* Exercise aim: Give back the data exactly, with no images.

* Information shown:
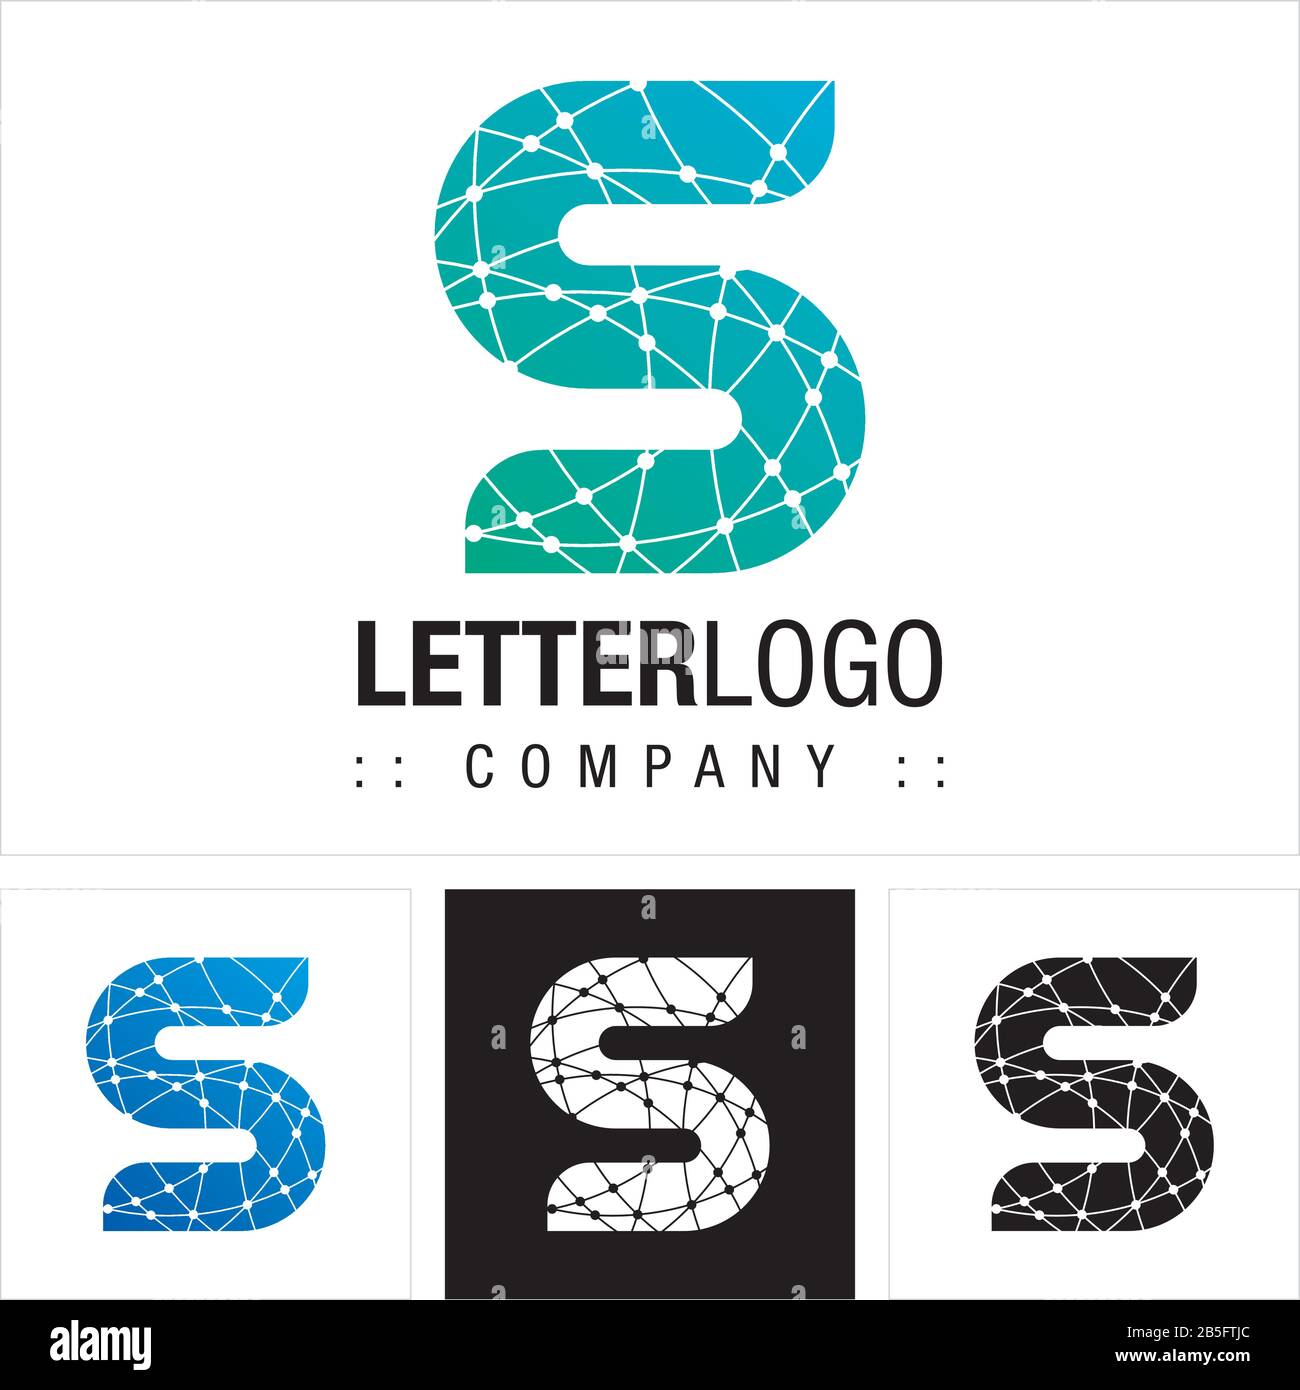 Lettre S (Typographie) Vector Symbol Company Logo (Logotype). Illustration De L'Icône Style De Technologie Des Connecteurs De Carte Mère. Concept D'Identité Élégant Illustration de Vecteur
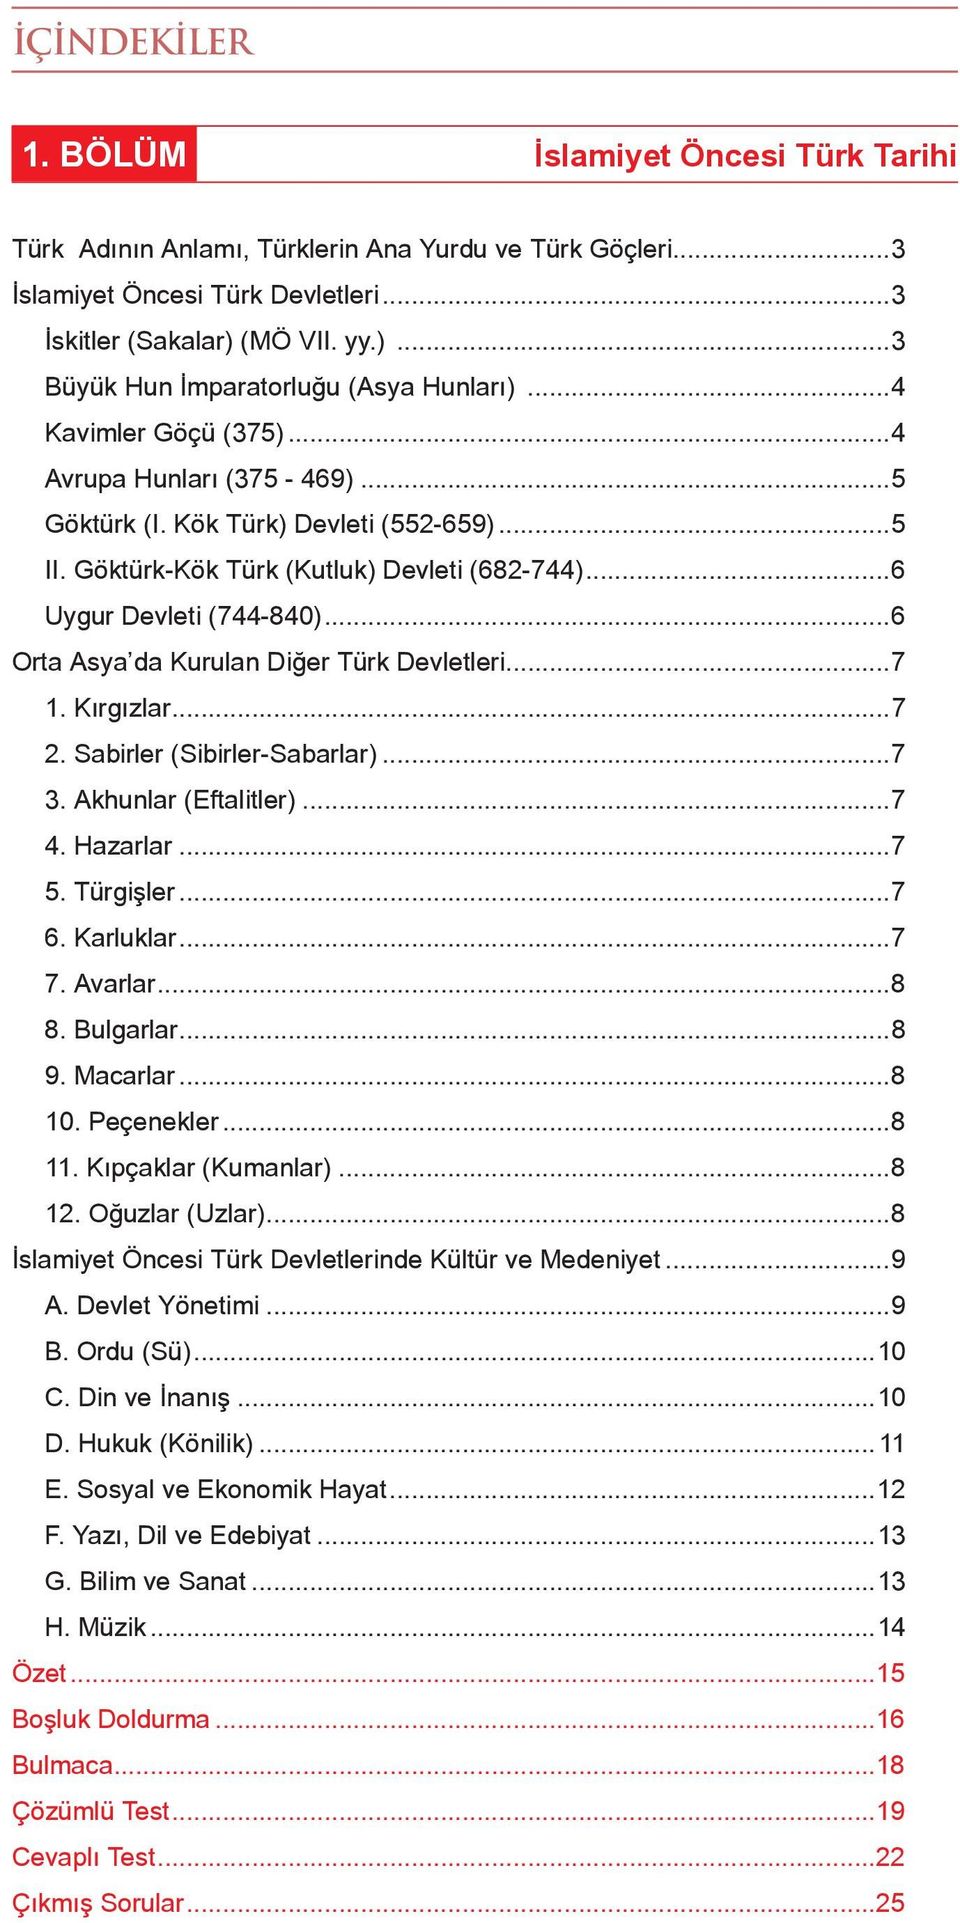 Göktürk-Kök Türk (Kutluk) Devleti (682-744)...6 Uygur Devleti (744-840)...6 Orta Asya da Kurulan Diğer Türk Devletleri...7 1. Kırgızlar...7 2. Sabirler (Sibirler-Sabarlar)...7 3.
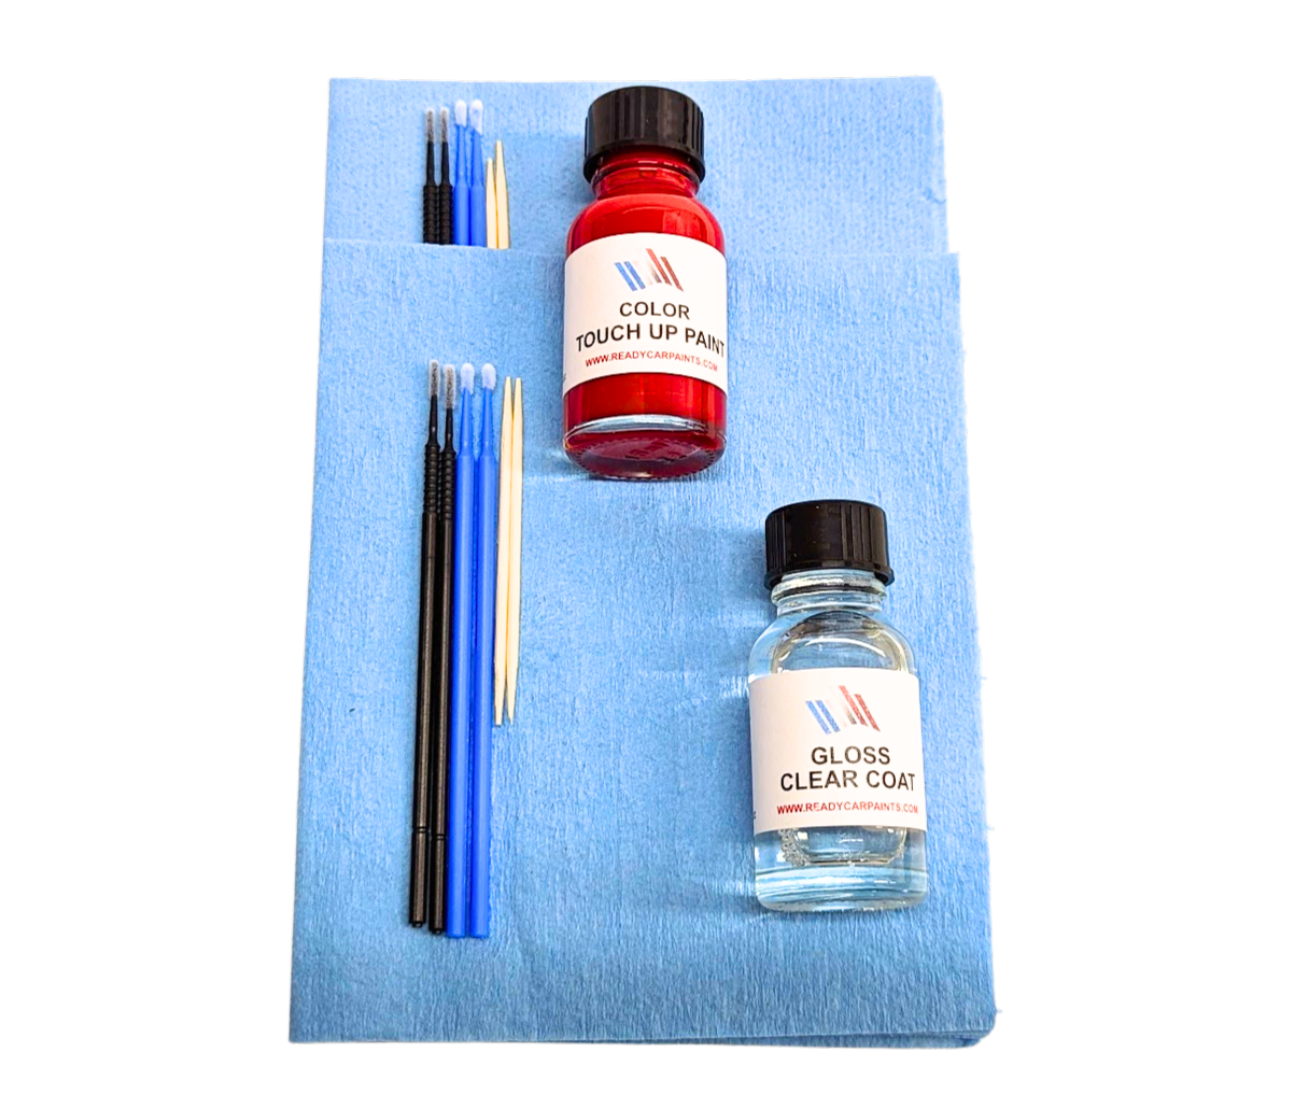 LEXUS 8U9 Cerulean Blue Metallic Touch Up Paint Kit 100% OEM Color Match
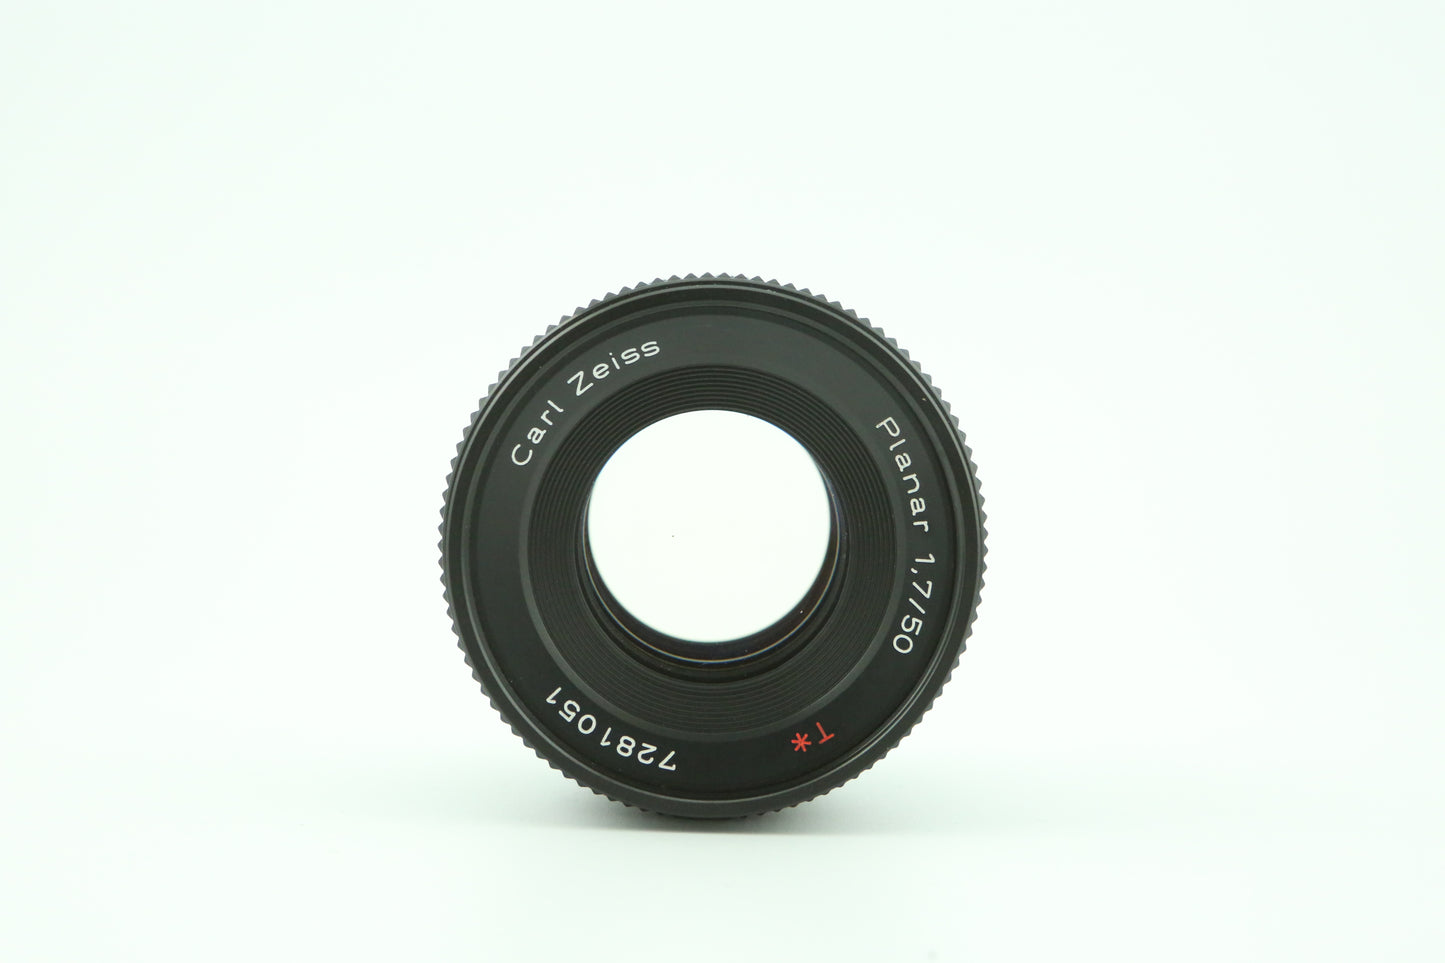 Carl Zeiss 50mm f1.7

* Exercise result:
 Lettre S (Typographie) Vector Symbol Company Logo (Logotype). Illustration De L'Icône Style De Technologie Des Connecteurs De Carte Mère. Concept D'Identité Élégant Illustration de Vecteur
 Göktürk-Kök Türk (Kutluk) Devleti (682-744)...6 Uygur Devleti (744-840)...6 Orta Asya da Kurulan Diğer Türk Devletleri...7 1. Kırgızlar...7 2. Sabirler (Sibirler-Sabarlar)...7 3.
 LEXUS 8U9 Cerulean Blue Metallic Touch Up Paint Kit 100% OEM Color Match
 Carl Zeiss 50mm f1.7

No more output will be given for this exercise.